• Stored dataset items
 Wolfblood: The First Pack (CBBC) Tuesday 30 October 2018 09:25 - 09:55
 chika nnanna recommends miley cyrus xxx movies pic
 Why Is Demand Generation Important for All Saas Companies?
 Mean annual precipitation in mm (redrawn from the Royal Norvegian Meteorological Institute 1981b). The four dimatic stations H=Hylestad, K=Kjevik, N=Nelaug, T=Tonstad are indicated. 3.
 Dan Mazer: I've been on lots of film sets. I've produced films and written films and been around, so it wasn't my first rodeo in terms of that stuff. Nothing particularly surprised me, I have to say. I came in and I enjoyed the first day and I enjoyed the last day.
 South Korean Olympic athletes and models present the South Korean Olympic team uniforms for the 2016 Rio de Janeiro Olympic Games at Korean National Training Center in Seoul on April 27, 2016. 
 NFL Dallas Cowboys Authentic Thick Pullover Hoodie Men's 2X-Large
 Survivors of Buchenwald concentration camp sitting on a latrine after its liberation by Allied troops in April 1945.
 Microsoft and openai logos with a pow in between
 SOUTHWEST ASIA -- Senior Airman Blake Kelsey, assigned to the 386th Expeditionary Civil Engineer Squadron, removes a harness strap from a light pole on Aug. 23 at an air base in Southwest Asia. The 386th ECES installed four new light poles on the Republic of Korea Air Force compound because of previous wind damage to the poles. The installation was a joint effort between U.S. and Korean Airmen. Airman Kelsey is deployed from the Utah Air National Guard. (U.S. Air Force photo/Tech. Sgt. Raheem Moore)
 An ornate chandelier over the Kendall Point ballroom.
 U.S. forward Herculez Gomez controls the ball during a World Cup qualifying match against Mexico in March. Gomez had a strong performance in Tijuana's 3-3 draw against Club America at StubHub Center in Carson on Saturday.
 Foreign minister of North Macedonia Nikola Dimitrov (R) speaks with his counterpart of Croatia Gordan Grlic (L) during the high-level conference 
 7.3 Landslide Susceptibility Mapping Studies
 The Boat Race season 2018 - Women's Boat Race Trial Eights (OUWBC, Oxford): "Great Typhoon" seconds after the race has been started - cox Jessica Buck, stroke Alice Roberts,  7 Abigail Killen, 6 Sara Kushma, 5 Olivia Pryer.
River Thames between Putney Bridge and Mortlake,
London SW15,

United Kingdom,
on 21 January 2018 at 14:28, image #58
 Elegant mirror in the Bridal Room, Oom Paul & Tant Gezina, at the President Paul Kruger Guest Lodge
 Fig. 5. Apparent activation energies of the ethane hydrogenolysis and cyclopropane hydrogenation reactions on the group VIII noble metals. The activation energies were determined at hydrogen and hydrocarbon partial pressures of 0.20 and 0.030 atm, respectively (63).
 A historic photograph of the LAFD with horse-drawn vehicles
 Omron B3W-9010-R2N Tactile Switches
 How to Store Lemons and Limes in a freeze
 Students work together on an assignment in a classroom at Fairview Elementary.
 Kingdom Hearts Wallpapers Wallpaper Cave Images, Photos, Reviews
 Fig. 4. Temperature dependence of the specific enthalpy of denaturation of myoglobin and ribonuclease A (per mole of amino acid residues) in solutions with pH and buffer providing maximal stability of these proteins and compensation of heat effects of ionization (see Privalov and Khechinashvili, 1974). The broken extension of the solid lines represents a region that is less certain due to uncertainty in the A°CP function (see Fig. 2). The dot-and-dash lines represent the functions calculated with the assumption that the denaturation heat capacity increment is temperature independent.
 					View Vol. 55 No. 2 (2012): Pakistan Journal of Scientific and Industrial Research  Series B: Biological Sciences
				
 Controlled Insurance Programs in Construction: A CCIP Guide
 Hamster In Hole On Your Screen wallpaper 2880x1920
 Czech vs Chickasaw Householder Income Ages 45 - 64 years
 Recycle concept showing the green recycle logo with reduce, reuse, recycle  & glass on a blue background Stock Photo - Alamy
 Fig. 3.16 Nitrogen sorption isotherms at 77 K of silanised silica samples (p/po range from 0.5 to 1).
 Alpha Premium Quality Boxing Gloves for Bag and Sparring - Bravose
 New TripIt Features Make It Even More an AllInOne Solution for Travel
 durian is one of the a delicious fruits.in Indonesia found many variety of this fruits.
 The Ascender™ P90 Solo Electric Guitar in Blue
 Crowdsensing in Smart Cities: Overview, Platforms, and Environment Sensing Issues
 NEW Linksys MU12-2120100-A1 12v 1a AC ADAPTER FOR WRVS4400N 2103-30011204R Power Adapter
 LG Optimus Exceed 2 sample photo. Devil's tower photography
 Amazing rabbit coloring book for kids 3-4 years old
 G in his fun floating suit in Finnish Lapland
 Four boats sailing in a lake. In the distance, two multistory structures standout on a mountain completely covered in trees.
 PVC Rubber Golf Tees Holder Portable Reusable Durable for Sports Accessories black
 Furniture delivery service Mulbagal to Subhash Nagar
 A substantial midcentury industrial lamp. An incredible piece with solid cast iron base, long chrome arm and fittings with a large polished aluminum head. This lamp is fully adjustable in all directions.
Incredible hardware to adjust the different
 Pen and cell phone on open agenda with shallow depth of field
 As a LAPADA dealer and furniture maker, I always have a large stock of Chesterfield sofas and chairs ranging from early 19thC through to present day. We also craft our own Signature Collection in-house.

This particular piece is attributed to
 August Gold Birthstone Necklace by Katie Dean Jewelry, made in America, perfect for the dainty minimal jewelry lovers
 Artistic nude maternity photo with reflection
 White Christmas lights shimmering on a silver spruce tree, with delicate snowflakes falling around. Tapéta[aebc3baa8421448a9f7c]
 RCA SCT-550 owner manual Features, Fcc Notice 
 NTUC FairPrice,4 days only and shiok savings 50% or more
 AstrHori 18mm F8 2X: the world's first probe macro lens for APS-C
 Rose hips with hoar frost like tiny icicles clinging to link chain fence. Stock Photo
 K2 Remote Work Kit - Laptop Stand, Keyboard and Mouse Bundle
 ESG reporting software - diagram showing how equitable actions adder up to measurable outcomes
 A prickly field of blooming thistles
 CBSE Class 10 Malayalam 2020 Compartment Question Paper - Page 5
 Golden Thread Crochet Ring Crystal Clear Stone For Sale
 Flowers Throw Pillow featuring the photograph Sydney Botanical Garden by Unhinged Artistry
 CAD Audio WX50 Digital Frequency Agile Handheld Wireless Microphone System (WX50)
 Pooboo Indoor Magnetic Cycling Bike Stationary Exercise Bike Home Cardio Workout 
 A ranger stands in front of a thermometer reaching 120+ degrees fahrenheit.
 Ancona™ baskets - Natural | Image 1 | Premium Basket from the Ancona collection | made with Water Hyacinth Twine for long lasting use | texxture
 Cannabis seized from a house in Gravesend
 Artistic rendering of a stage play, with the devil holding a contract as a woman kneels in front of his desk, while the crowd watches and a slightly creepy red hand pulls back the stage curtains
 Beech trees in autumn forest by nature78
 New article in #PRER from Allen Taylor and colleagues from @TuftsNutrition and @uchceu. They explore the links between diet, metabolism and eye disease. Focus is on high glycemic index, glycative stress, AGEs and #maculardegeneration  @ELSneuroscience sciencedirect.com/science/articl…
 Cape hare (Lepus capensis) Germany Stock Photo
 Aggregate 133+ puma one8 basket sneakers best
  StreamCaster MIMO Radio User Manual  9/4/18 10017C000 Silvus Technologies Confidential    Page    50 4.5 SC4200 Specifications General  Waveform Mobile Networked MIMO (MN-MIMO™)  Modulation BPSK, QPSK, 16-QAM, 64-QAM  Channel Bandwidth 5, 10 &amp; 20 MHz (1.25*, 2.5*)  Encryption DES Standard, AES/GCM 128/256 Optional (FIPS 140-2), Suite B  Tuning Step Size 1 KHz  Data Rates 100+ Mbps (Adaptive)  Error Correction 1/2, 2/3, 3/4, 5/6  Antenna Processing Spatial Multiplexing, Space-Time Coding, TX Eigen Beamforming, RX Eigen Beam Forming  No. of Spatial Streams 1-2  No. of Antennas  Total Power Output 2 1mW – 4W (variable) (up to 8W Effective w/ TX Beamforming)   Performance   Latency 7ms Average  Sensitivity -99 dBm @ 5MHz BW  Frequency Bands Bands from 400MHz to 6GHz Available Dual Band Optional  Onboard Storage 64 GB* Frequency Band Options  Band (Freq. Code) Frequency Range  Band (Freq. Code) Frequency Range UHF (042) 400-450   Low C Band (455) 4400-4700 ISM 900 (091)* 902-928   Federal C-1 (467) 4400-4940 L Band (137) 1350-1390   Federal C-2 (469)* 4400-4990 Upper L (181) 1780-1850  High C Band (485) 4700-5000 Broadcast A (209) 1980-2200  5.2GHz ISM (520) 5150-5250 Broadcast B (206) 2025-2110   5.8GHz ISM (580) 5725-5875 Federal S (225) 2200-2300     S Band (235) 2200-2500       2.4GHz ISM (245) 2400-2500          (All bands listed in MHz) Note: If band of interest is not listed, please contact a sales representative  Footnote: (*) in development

• WORK ORDER
After locating the line holding "Flowers Throw Pillow" above, output exactly that line and every line after it through the line holding "Beech trees in autumn forest by nature78". Include nothing else.

• EXERCISE OUTPUT
 Flowers Throw Pillow featuring the photograph Sydney Botanical Garden by Unhinged Artistry
 CAD Audio WX50 Digital Frequency Agile Handheld Wireless Microphone System (WX50)
 Pooboo Indoor Magnetic Cycling Bike Stationary Exercise Bike Home Cardio Workout 
 A ranger stands in front of a thermometer reaching 120+ degrees fahrenheit.
 Ancona™ baskets - Natural | Image 1 | Premium Basket from the Ancona collection | made with Water Hyacinth Twine for long lasting use | texxture
 Cannabis seized from a house in Gravesend
 Artistic rendering of a stage play, with the devil holding a contract as a woman kneels in front of his desk, while the crowd watches and a slightly creepy red hand pulls back the stage curtains
 Beech trees in autumn forest by nature78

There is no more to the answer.